## TASK INSTRUCTIONS
Copy each line of the listing below exactly and drop the images.

::: RECORDED DATA :::

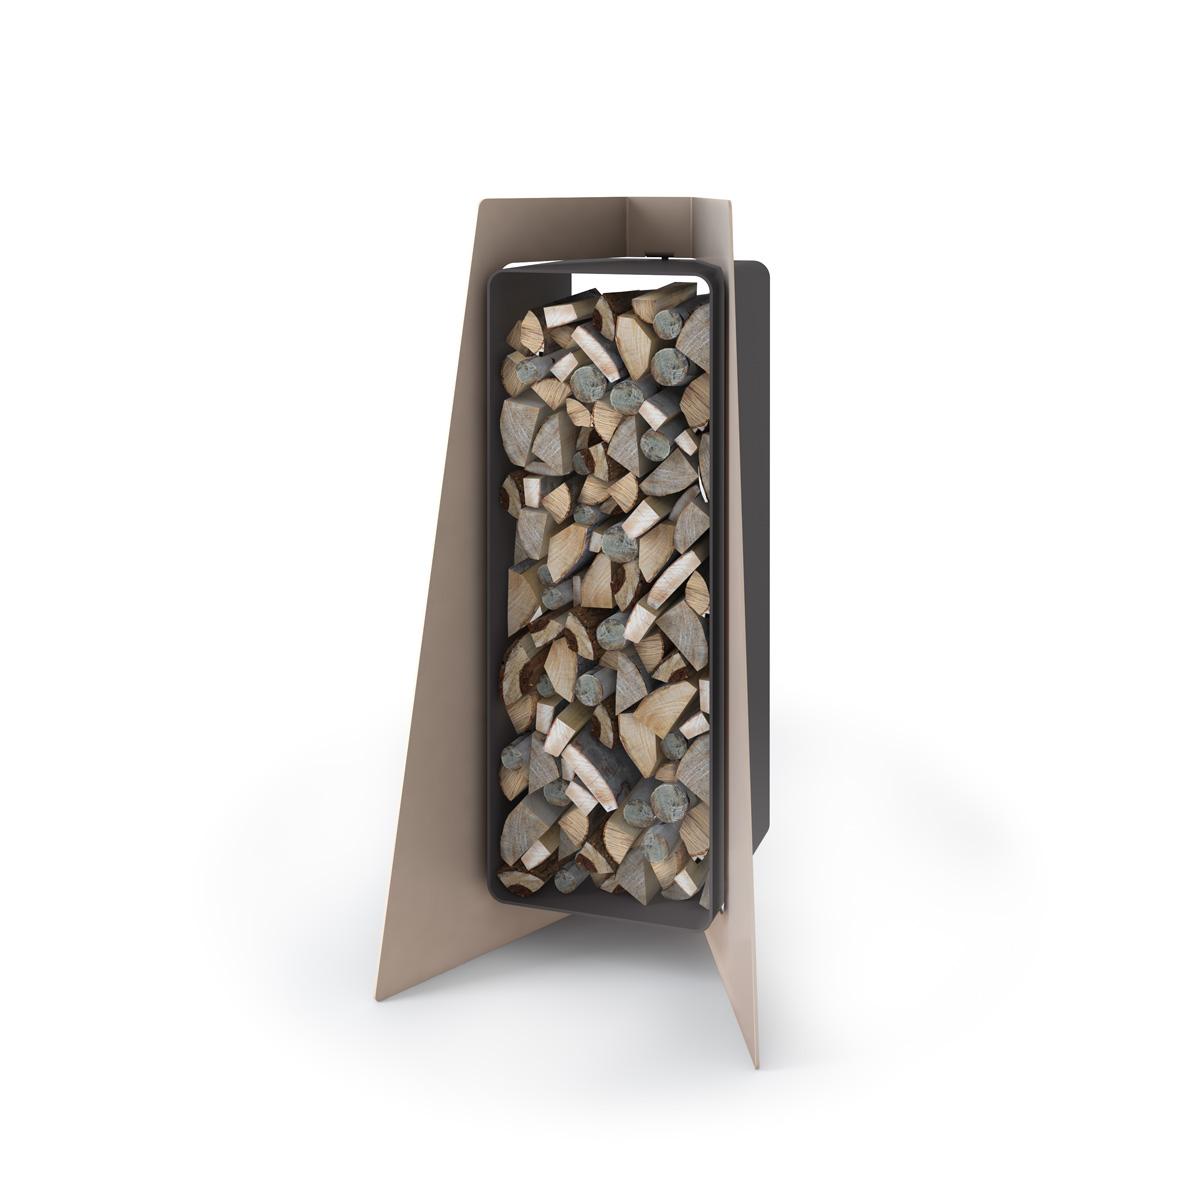 Stojan na dřevo FD1 krém metal
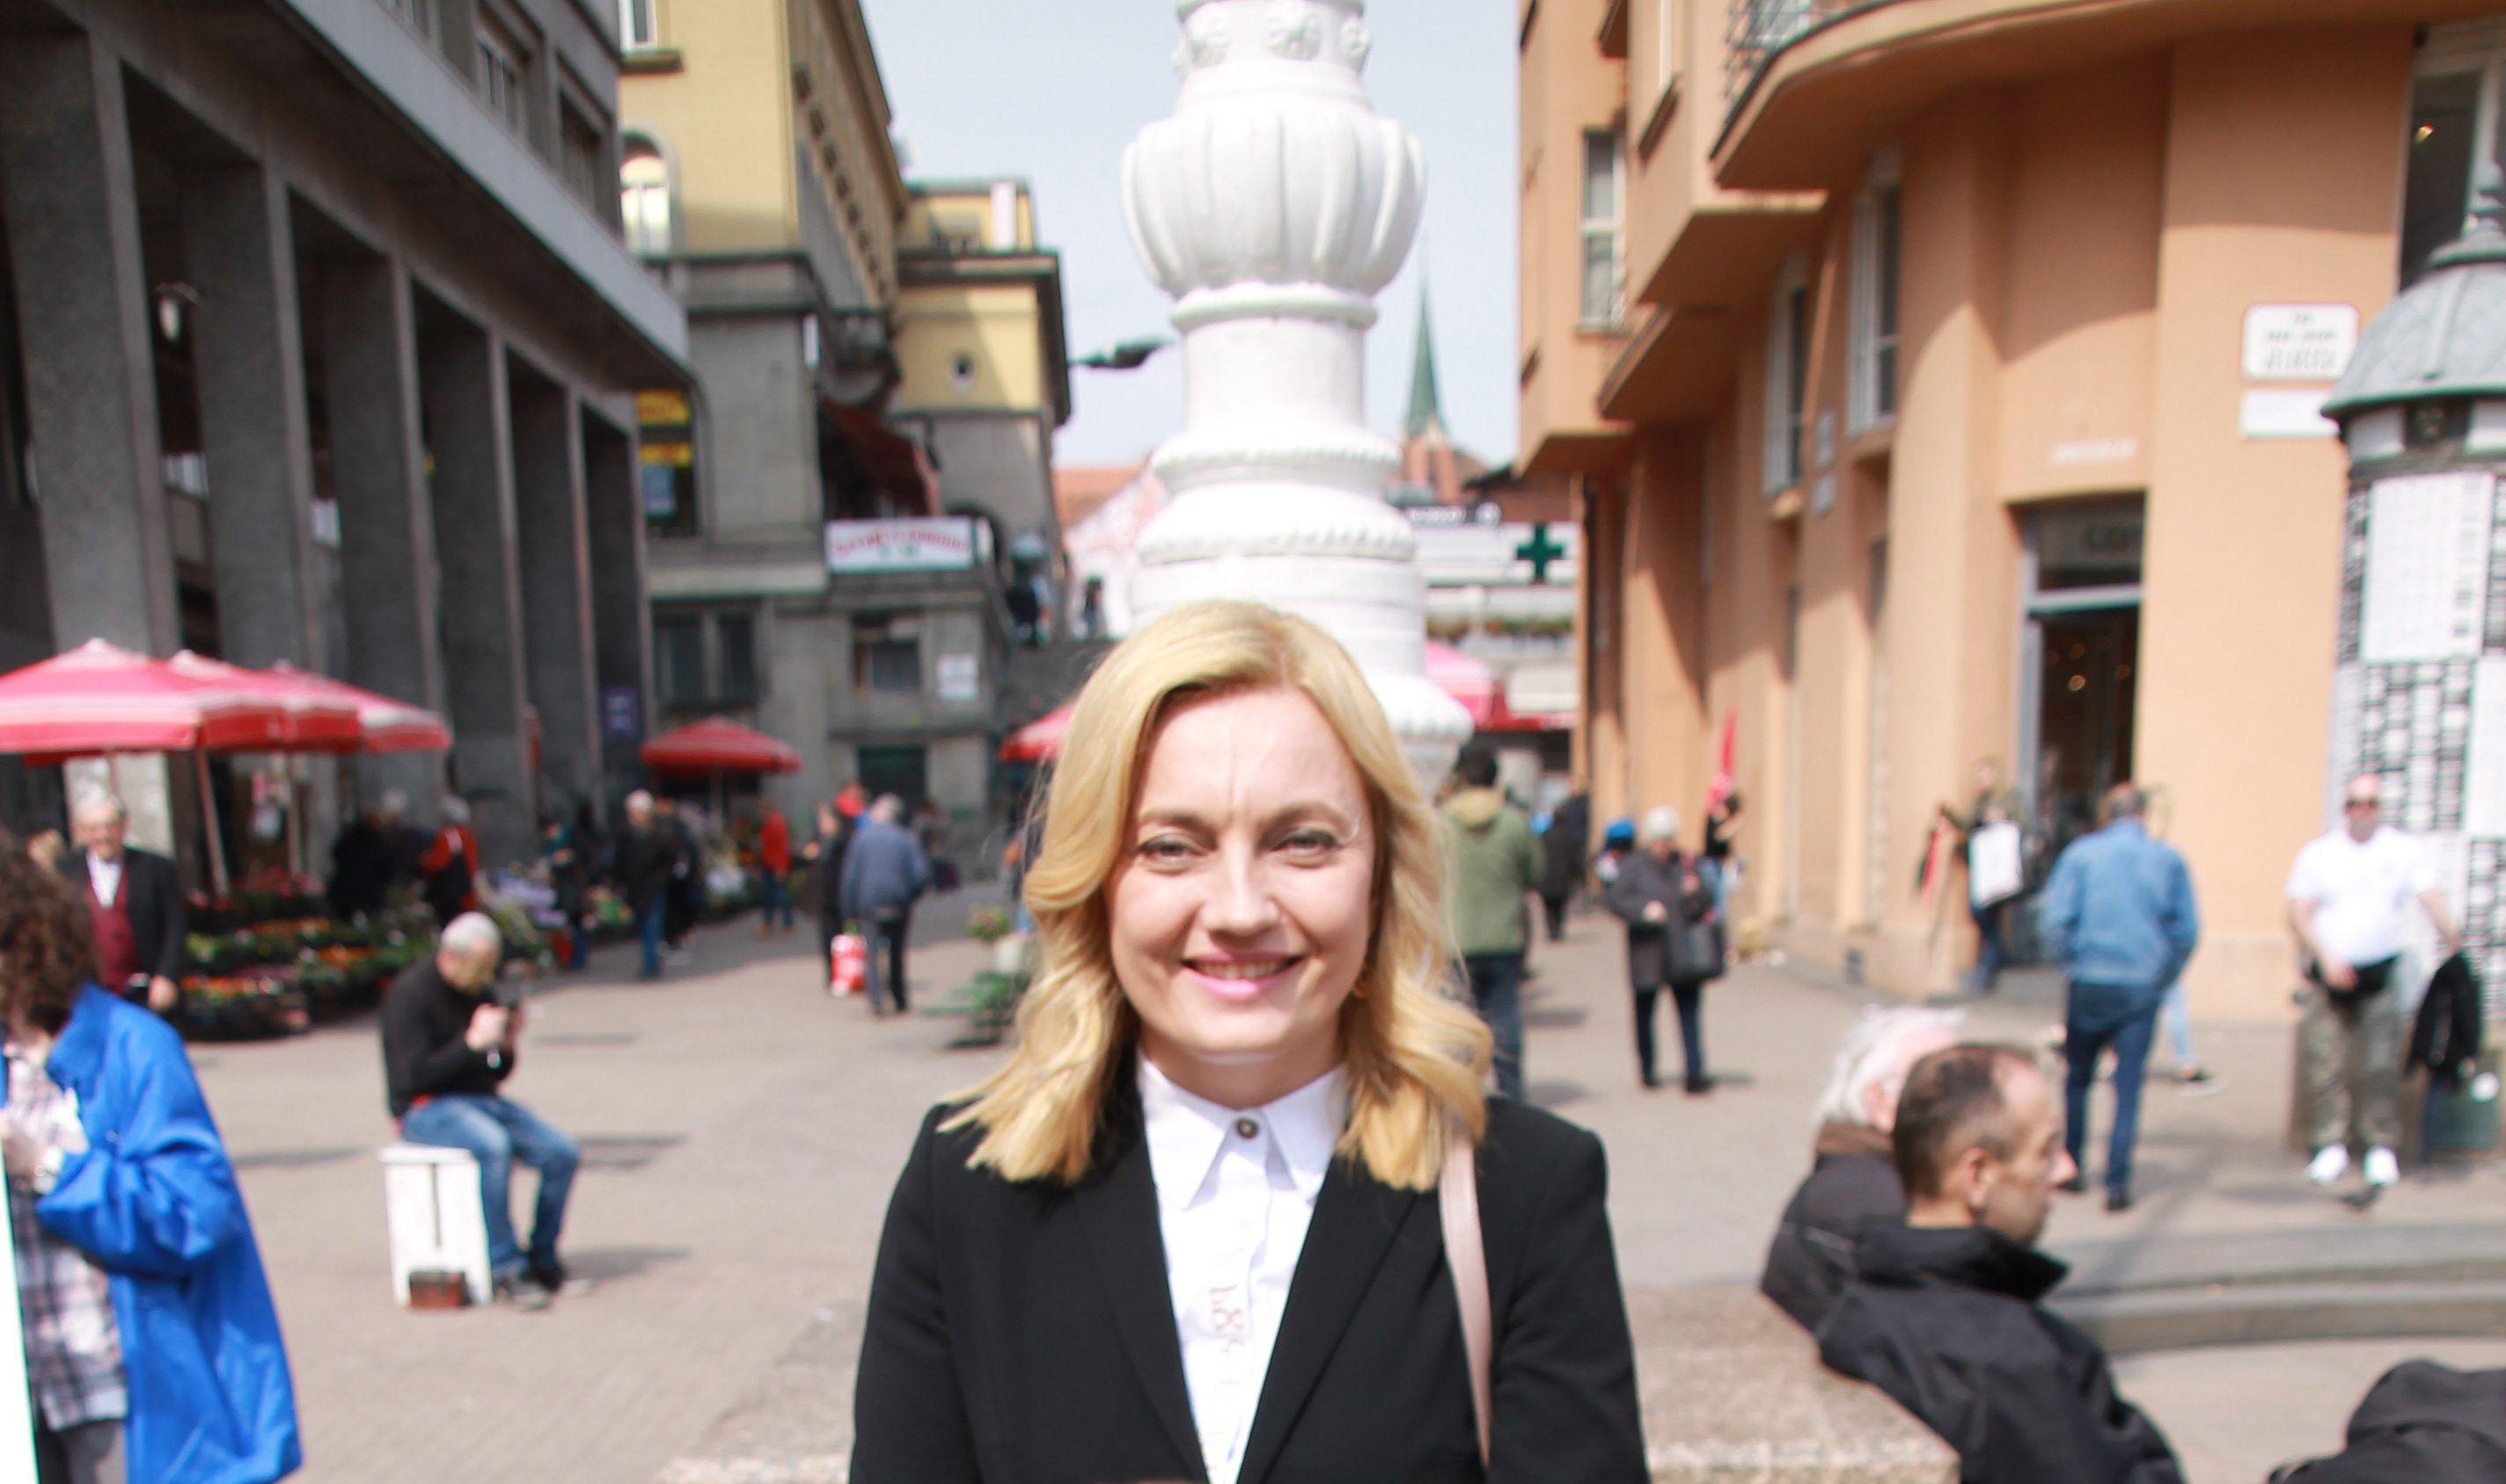 """Marijana Petir predstavila Kandidacijsku listu: """"Stvarno je čudo u dva dana sakupiti 11.361 potpisa bez ikakve infrastrukture"""", na mojoj list su """"ljudi iz naroda"""""""
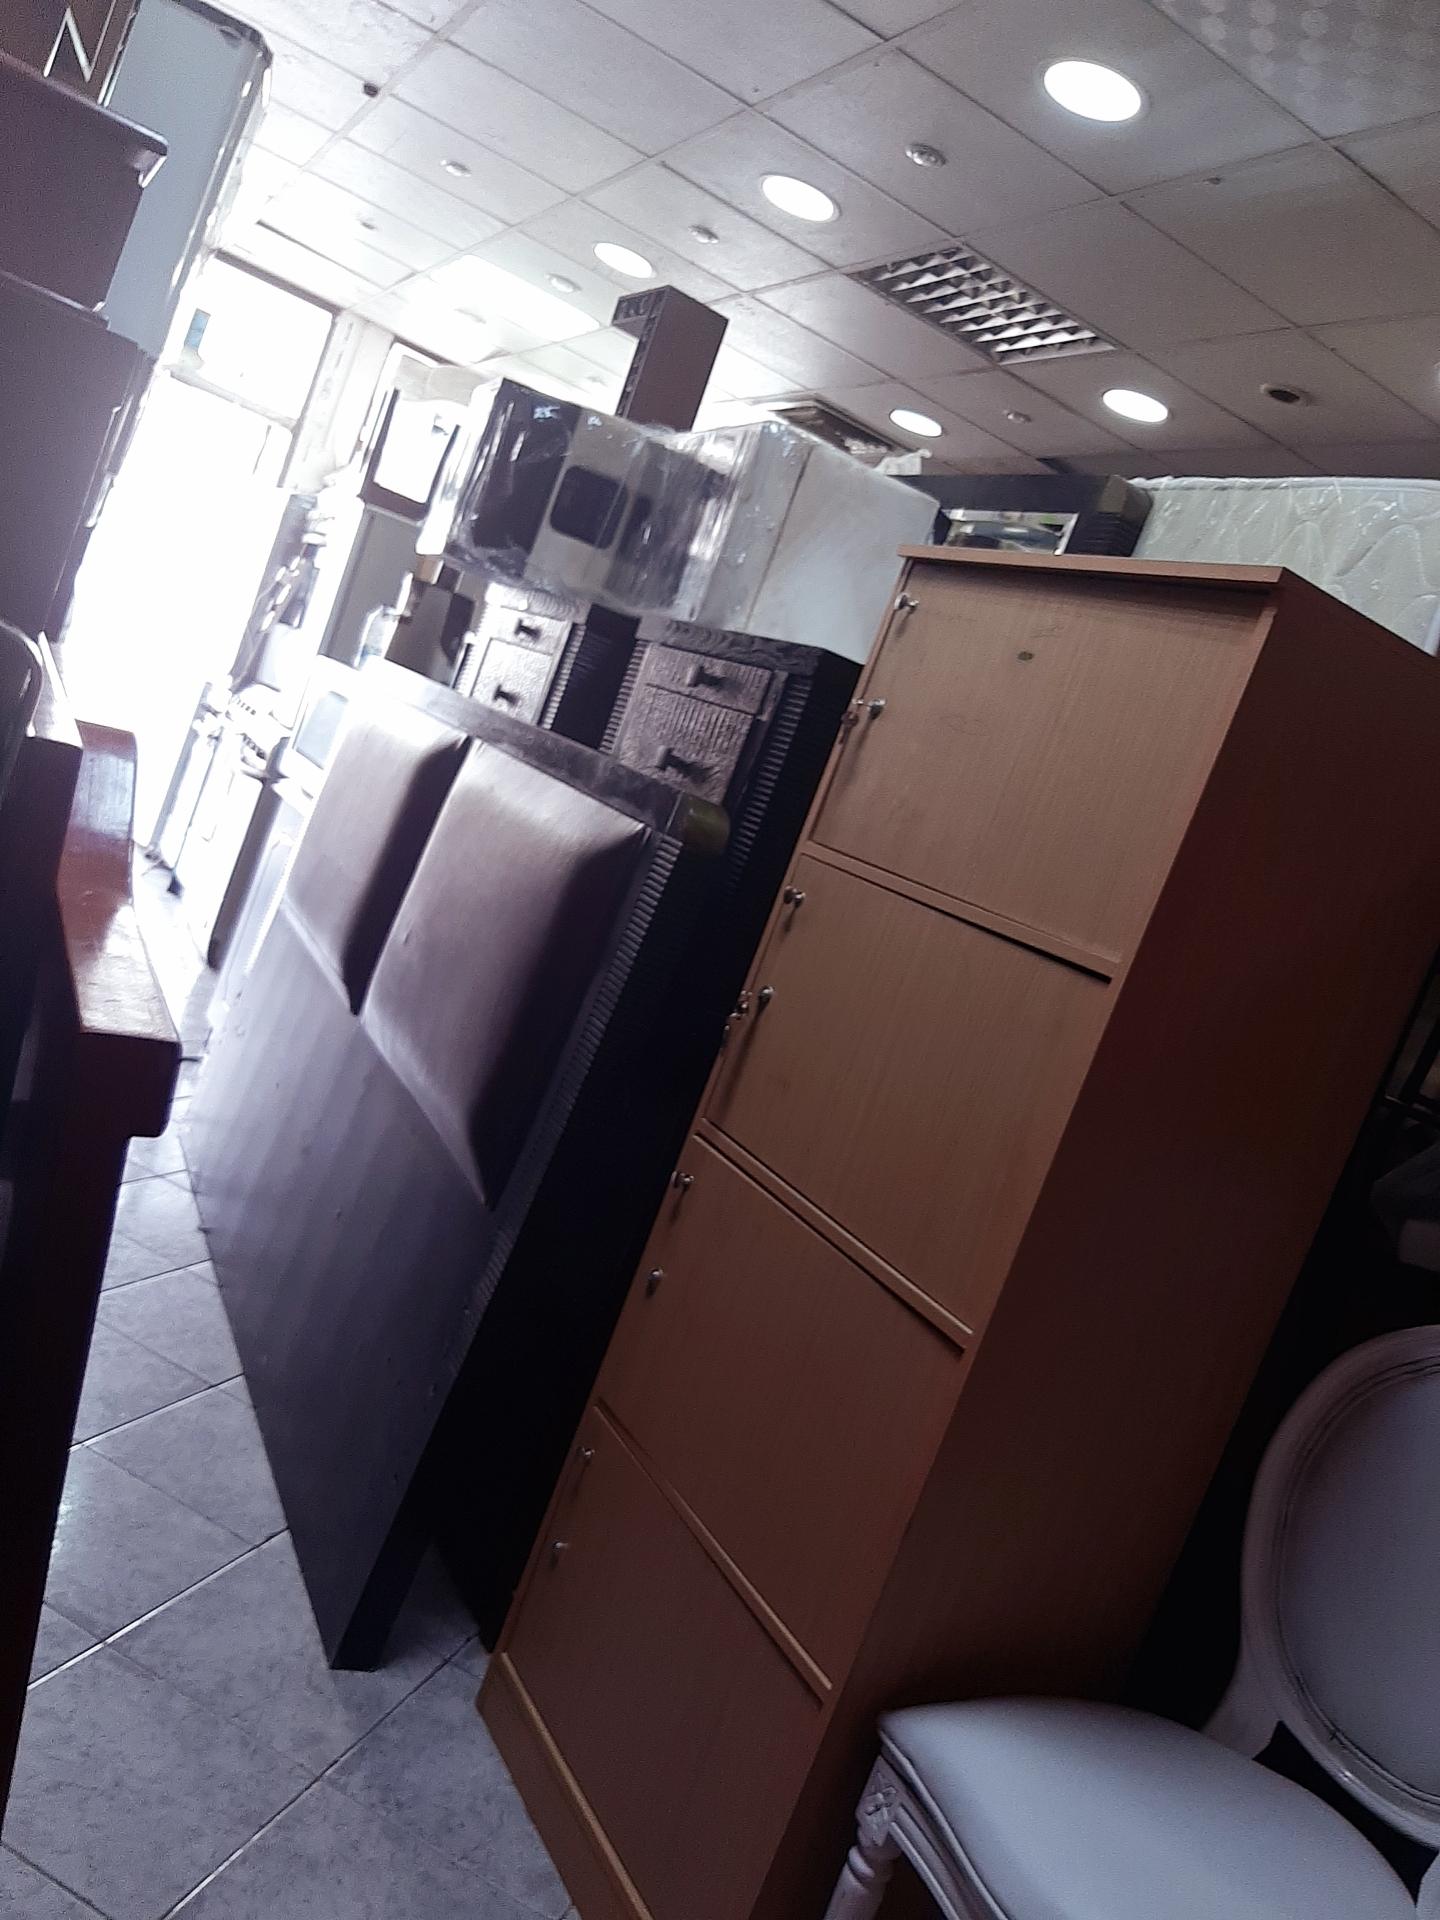 Kainat used furniture

:::

## SOLUTION FOR THIS TASK
 Stojan na dřevo FD1 krém metal
 """Marijana Petir predstavila Kandidacijsku listu: """"Stvarno je čudo u dva dana sakupiti 11.361 potpisa bez ikakve infrastrukture"""", na mojoj list su """"ljudi iz naroda"""""""
 Kainat used furniture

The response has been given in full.